Federal officials allege that from 2017 through 2019, Physicians Toxicology Laboratory (PTL) encouraged blanket orders of urine drug tests (UDTs) for their Medicare patients, and then billed Medicare for the tests. 

Medicare requires that claims for urine drug tests be based on a patient's specific needs, and does not cover blanket orders.

The Tampa, Florida-based company allegedly created forms that included a simultaneous order for two different kinds of urine drug tests. The company also employed urine collectors, who typically filled out the blanket orders for all patients. 

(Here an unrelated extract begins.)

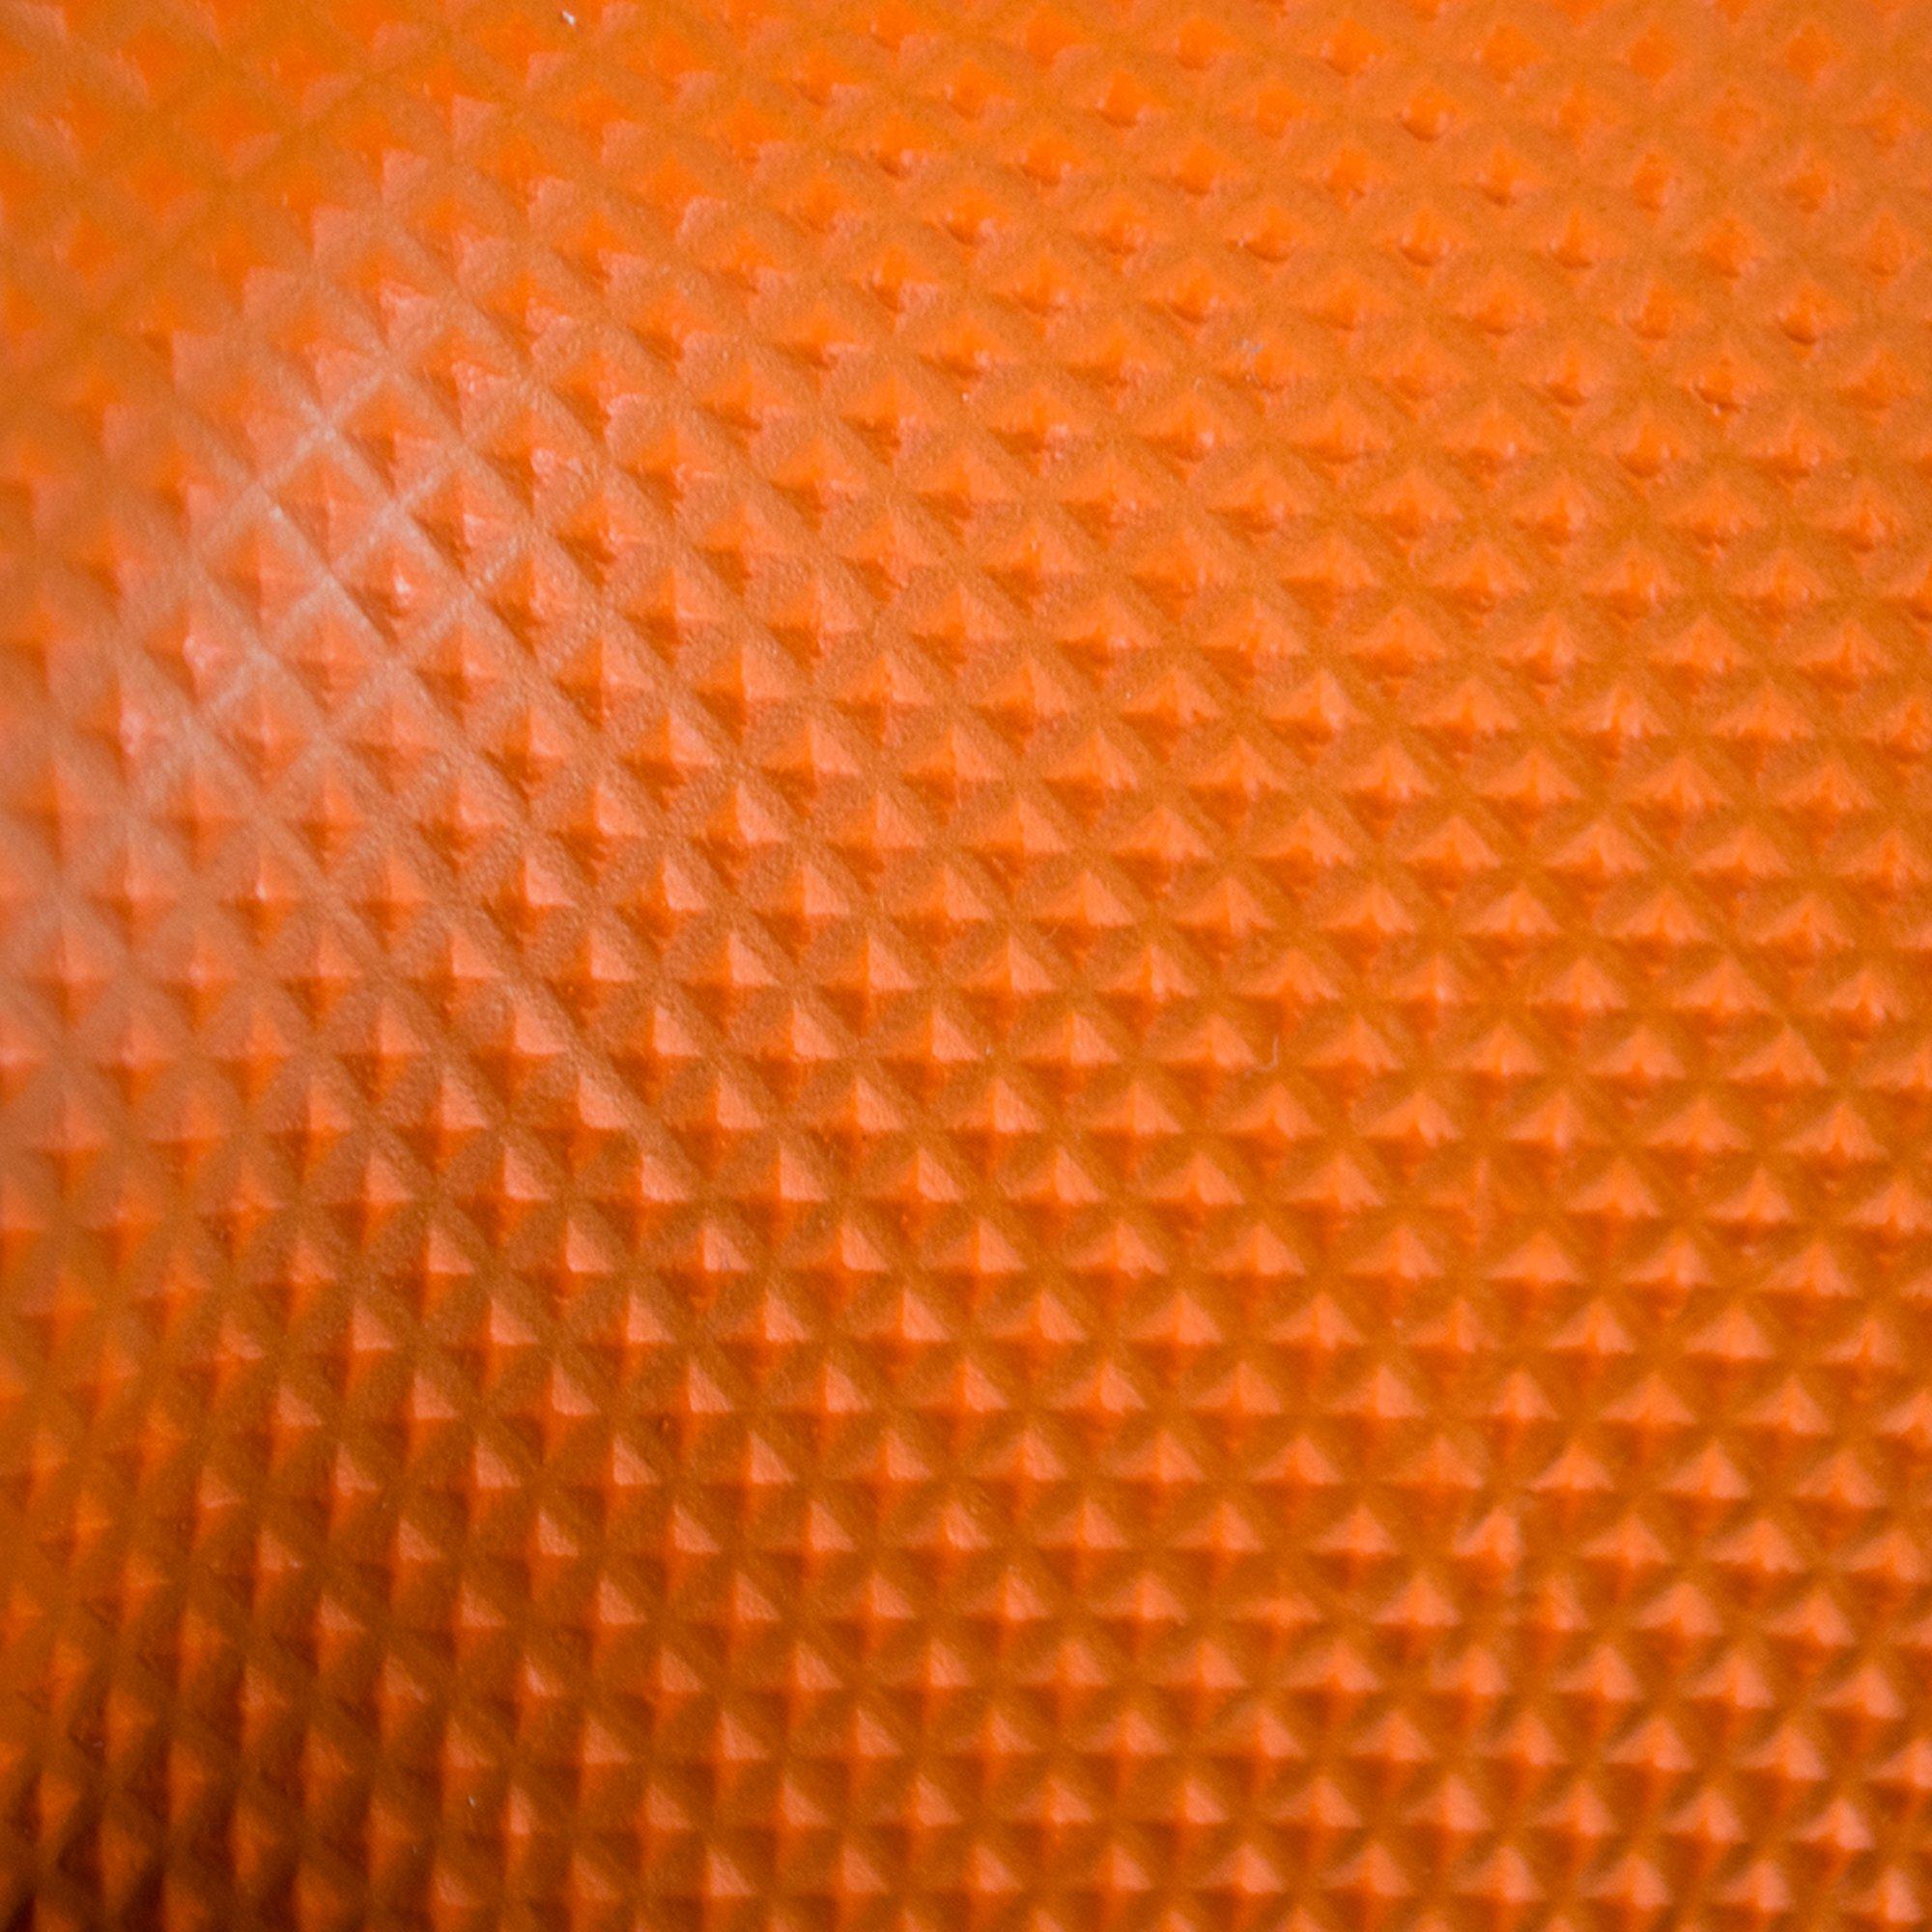 SupplyMaster - SMDTON8M - Diamond Texture Nitrile Gloves - Disposable, Powder Free, Industrial, 8 mil, Medium, Orange (Case of 200) by SupplyMaster (Image #2)

"As a result, the practices ordered medically unnecessary and non-covered UDTs from PTL, and PTL knowingly submitted these claims to Medicare," the U.S. Attorney's Office said in a release Friday. 

Federal officials also claim the company billed Medicare for hormone level urine tests ordered by one of the practices with almost every urine drug test, despite knowing the tests were ordered as a form of specimen validity testing, which is already covered in the reimbursed costs of urine drug tests.

"Lab tests should be ordered based on each patient's medical needs and not just to increase laboratory profits," said U.S. Attorney Mark Totten, who announced the settlement. 

As part of the settlement, the company, a capital group connected with the company, the company's former president Matthew Ryan Lund and co-defendant Thomas C. Lund entered into a three-year integrity agreement with the Department of Health and Human Services Office of Inspector General.

The agreement requires the company to establish and maintain a compliance program and hire a clinical director responsible for making decisions on clinical policies and practices. 

The U.S. Attorney's office says the agreement also requires the company to work with an independent review organization to look at claims and determine whether the services were medically necessary and documented correctly. 

Federal officials say the claims resolved in the settlement are allegations, and no one has been deemed liable.